## TASK REQUIREMENTS
Everything below from the line with "Leather 55 Ανδρικό" through the line with "Ford Ranger Raptor" must be retyped exactly, except the pictures.

Top of TASK INPUT

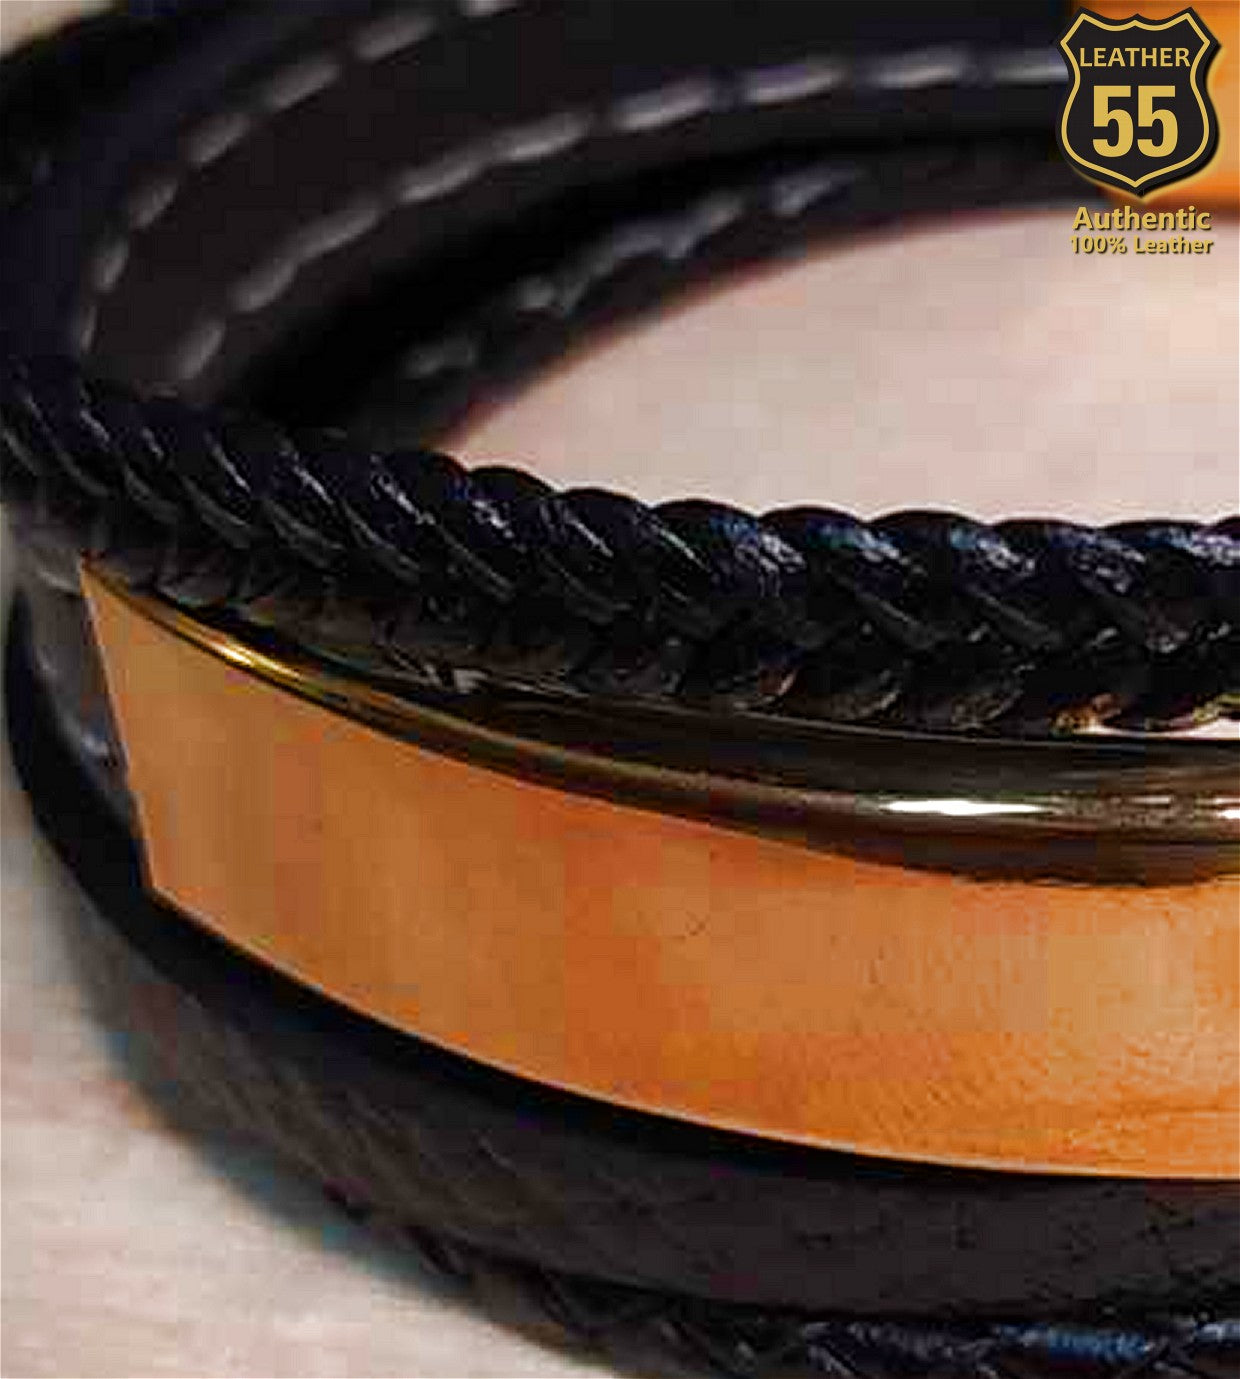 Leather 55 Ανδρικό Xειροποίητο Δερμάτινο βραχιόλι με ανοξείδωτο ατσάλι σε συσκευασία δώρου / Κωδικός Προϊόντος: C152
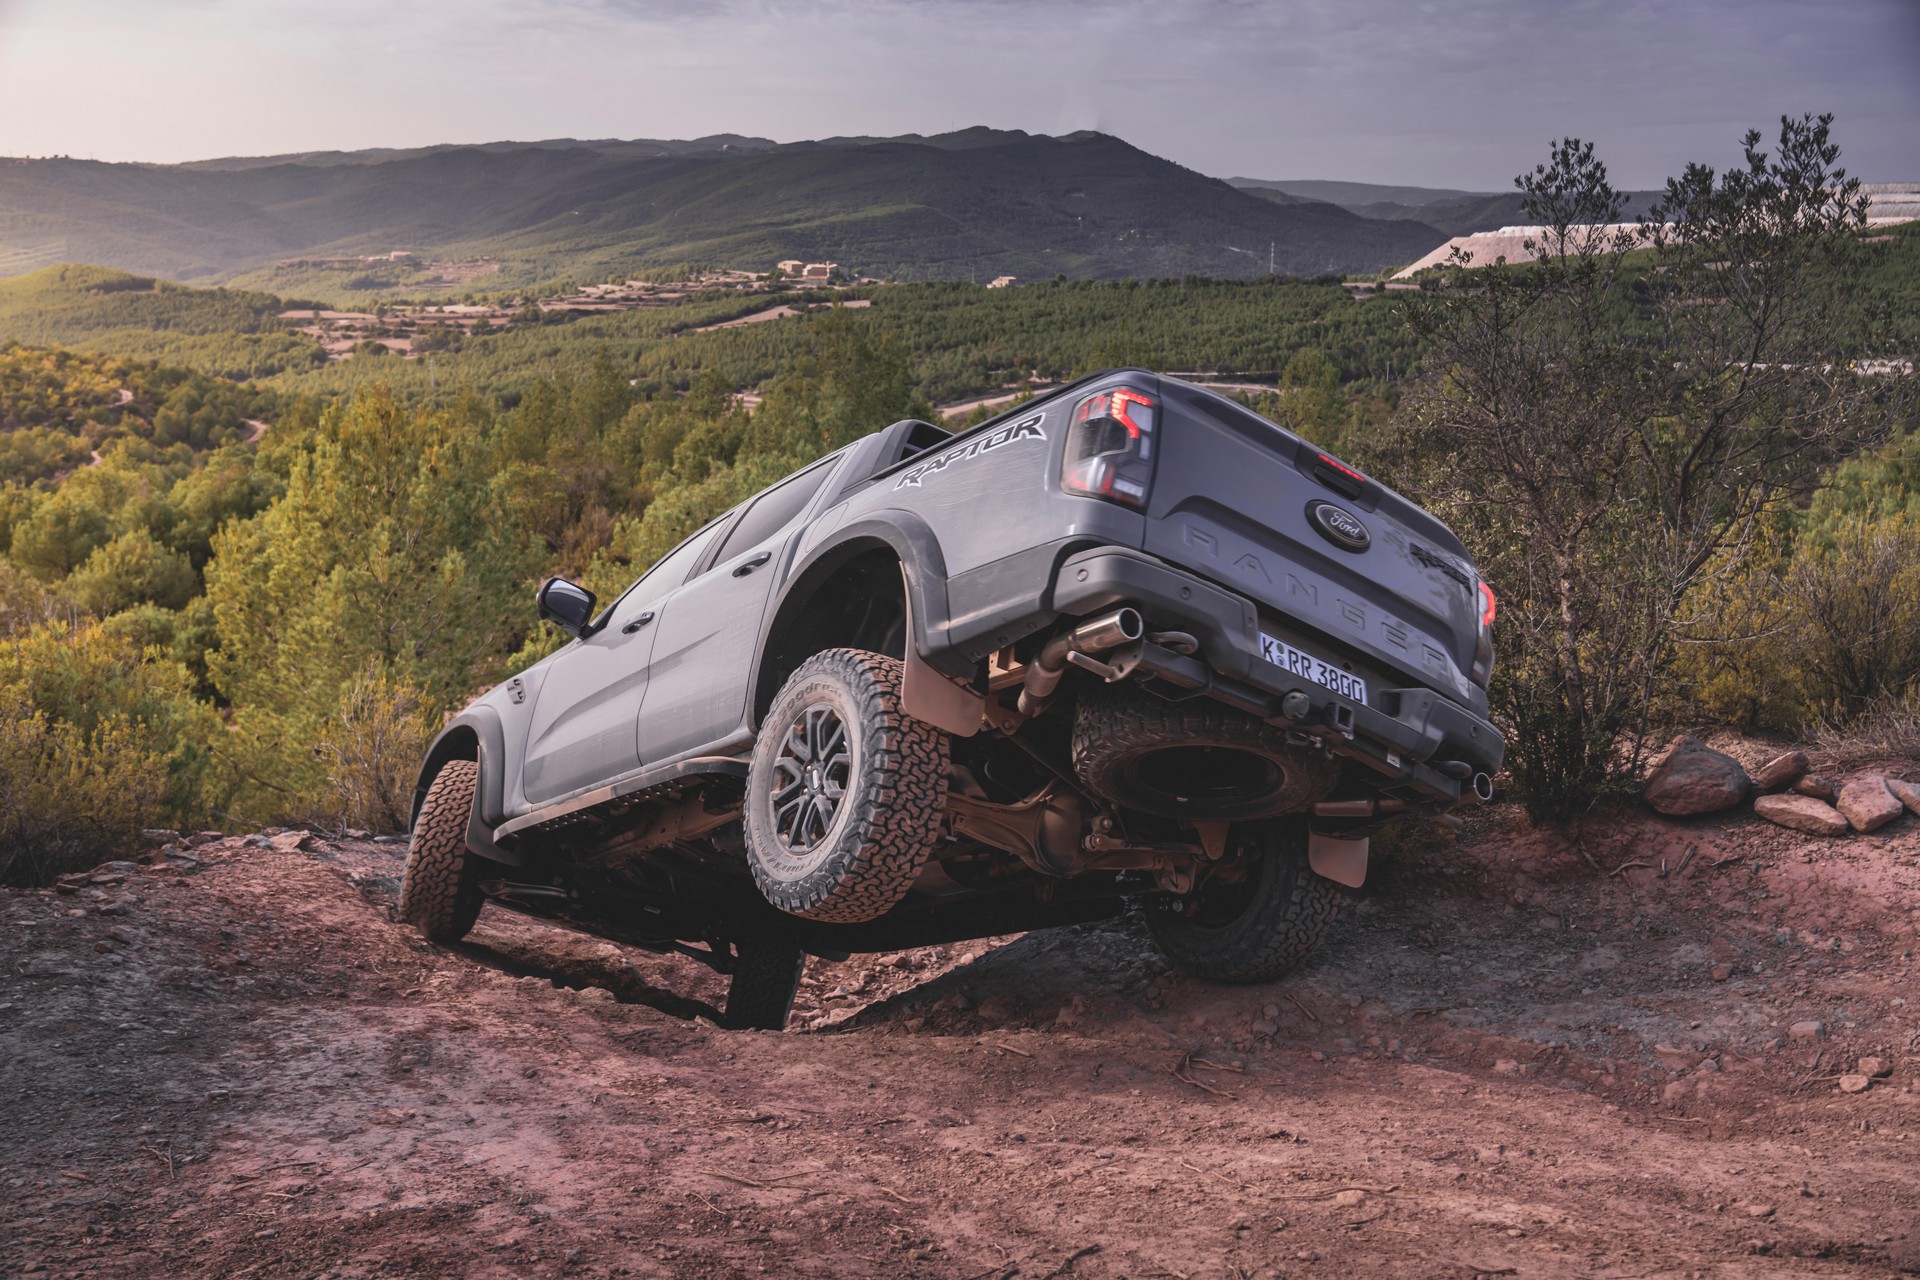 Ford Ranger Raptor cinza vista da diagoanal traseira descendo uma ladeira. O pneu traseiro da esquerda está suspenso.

Bottom of TASK INPUT
Top of TASK INPUT

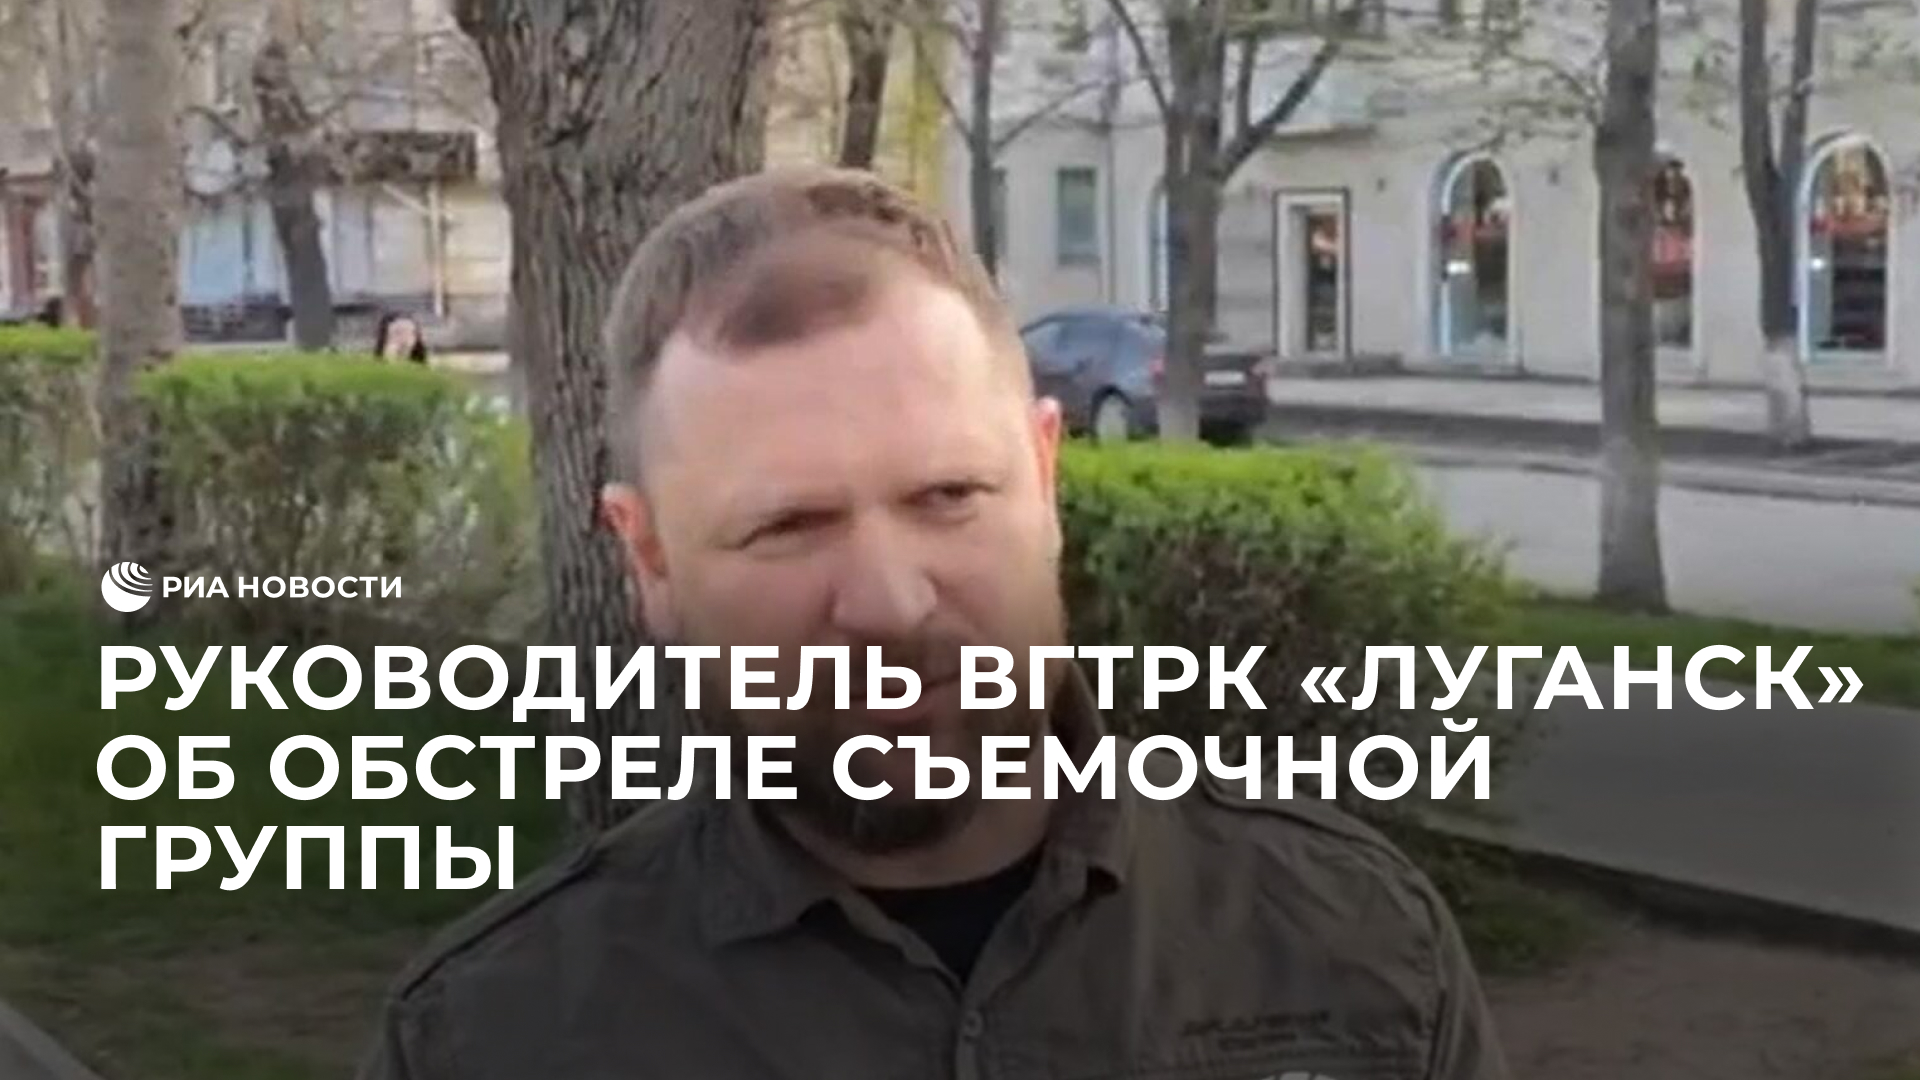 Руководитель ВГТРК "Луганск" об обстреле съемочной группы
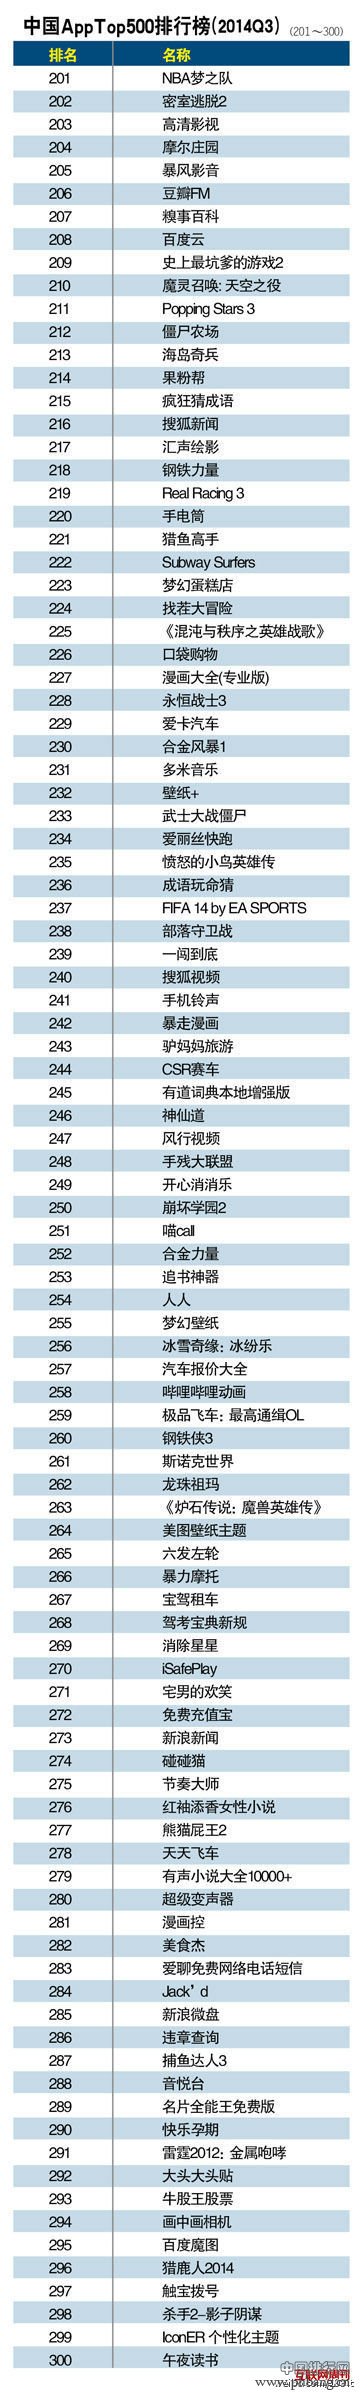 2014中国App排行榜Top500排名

Bottom of TASK INPUT

## RESPONSE TO THIS TASK
 Leather 55 Ανδρικό Xειροποίητο Δερμάτινο βραχιόλι με ανοξείδωτο ατσάλι σε συσκευασία δώρου / Κωδικός Προϊόντος: C152
 Ford Ranger Raptor cinza vista da diagoanal traseira descendo uma ladeira. O pneu traseiro da esquerda está suspenso.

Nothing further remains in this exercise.